In order to determine the effects of IGF-II overexpression on growth of mice, transgenic mice were produced carrying one of three different H-2Kb human IGF-II minigenes in which different non-coding exons (exon 5, truncated exon 5 or exon 6) preceded the coding exons 7, 8 and 9. These were spaced by truncated introns and for proper polyadenylation an SV40 polyadenylation signal was incorporated. The highest levels of IGF-II minigene mRNA expression were found in lines containing the truncated exon 5 construct (II5′). Those containing exon 6 (II6) had less expression and 5 constructs (II5) gave only moderate levels of mRNA expression. In general mRNA expression was highest in thymus and spleen, low in liver and kidney and absent in the brain. In addition, one 115' line showed expression in the brain. Serum IGF-II levels at 8 weeks of age were increased 7- to 8-fold in homozygous transgenic lines with construct II5′ without brain expression and 2- to 3-fold in the one that showed expression in the brain; serum IGF-I levels were unchanged. Serum IGFs in the lines containing the constructs 115 and 116 were not different from those of the controls. In all cases body length and weight as well as the weight of several organs such as brain, liver, kidneys, heart and spleen when expressed as a function of age did not differ from controls. Only the thymus showed a significant increase in weight in the transgenics II5′.

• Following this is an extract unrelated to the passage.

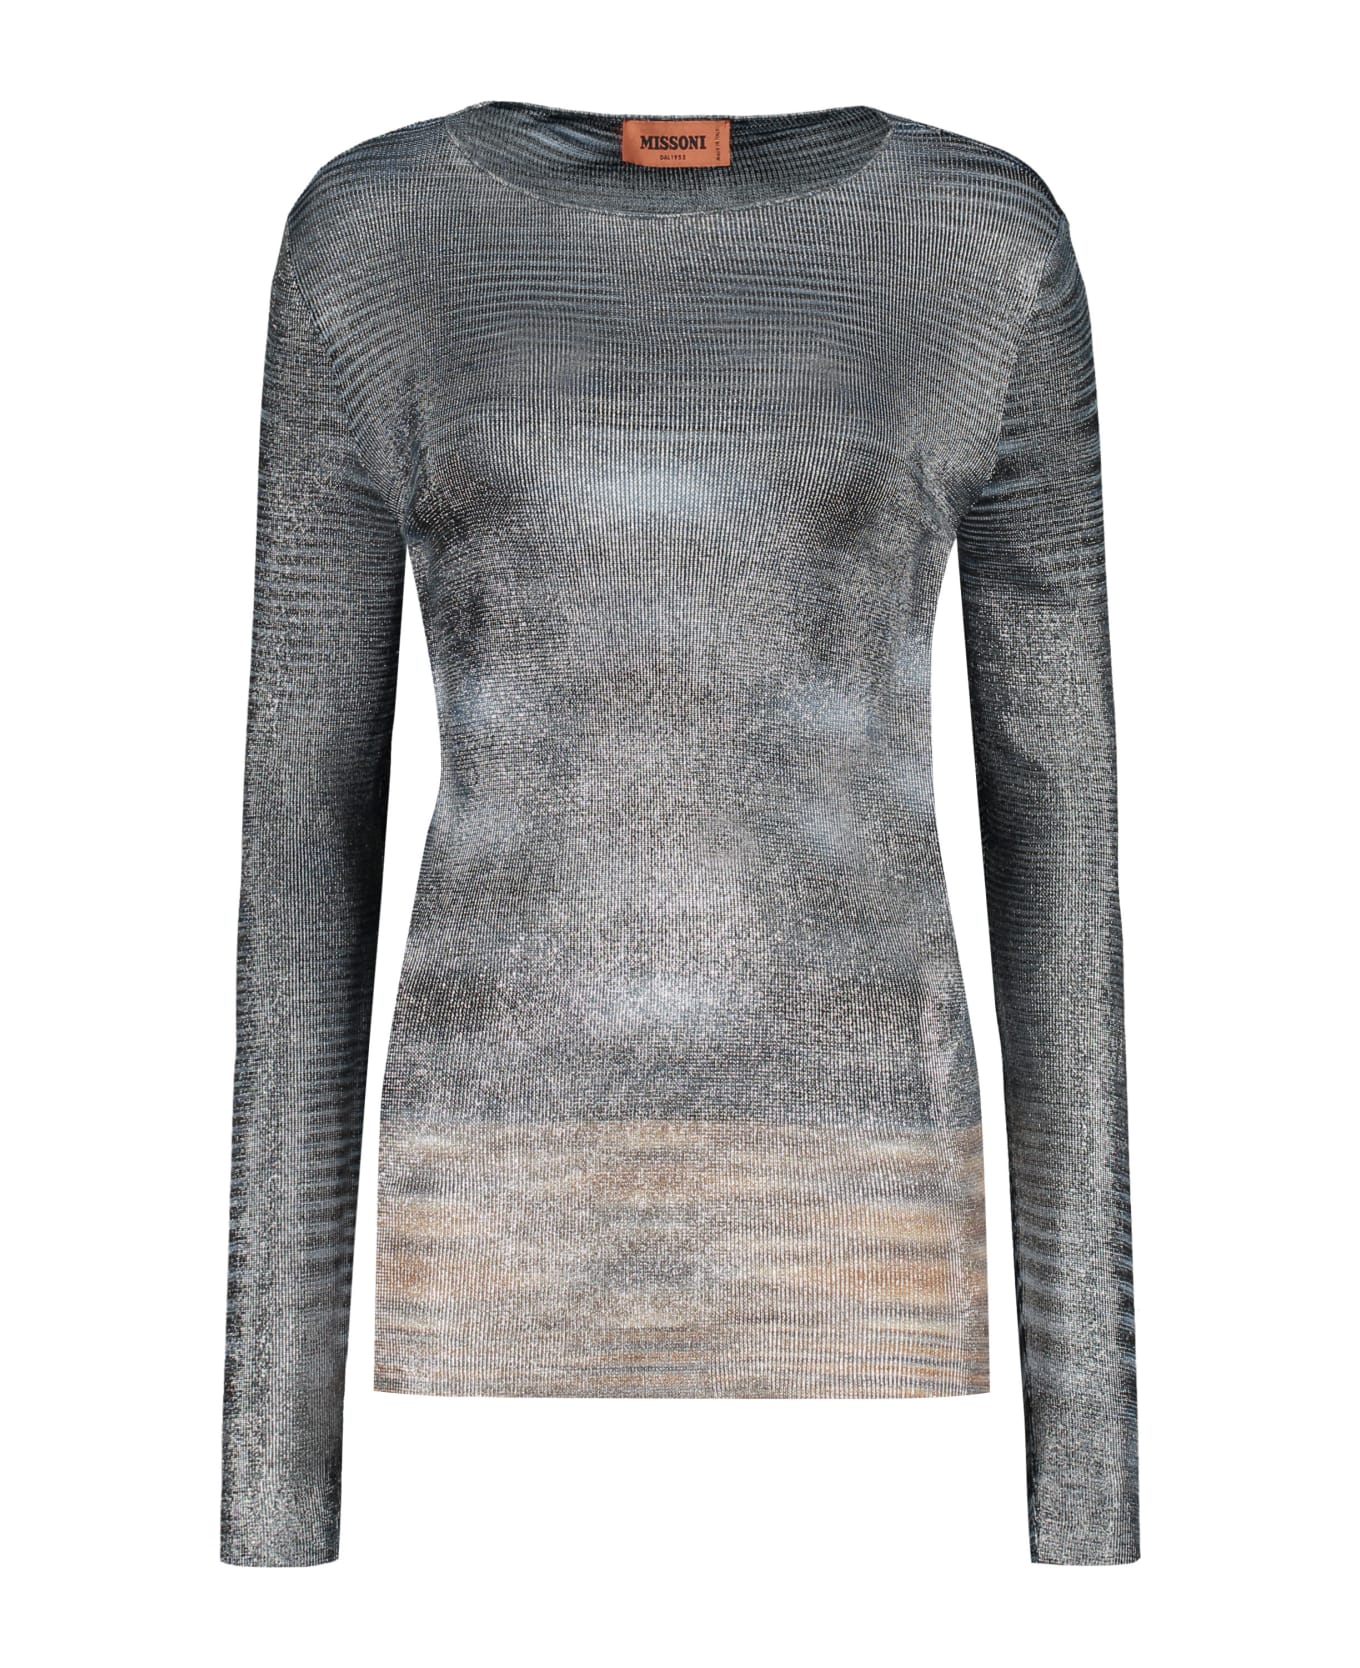 Missoni Knitted Viscosa-blend Top - blue

Inbreeding of 2 lines containing construct 115' with pituitary deficient Snell dwarf mice did not influence body length or weight despite increased serum IGF-II levels. Again the thymus showed a marked increase in growth. The biological activity of the IGF-II peptide was further demonstrated by increased serum IGF-binding protein-3 in the transgenic dwarf mice, as shown by Western ligand blotting.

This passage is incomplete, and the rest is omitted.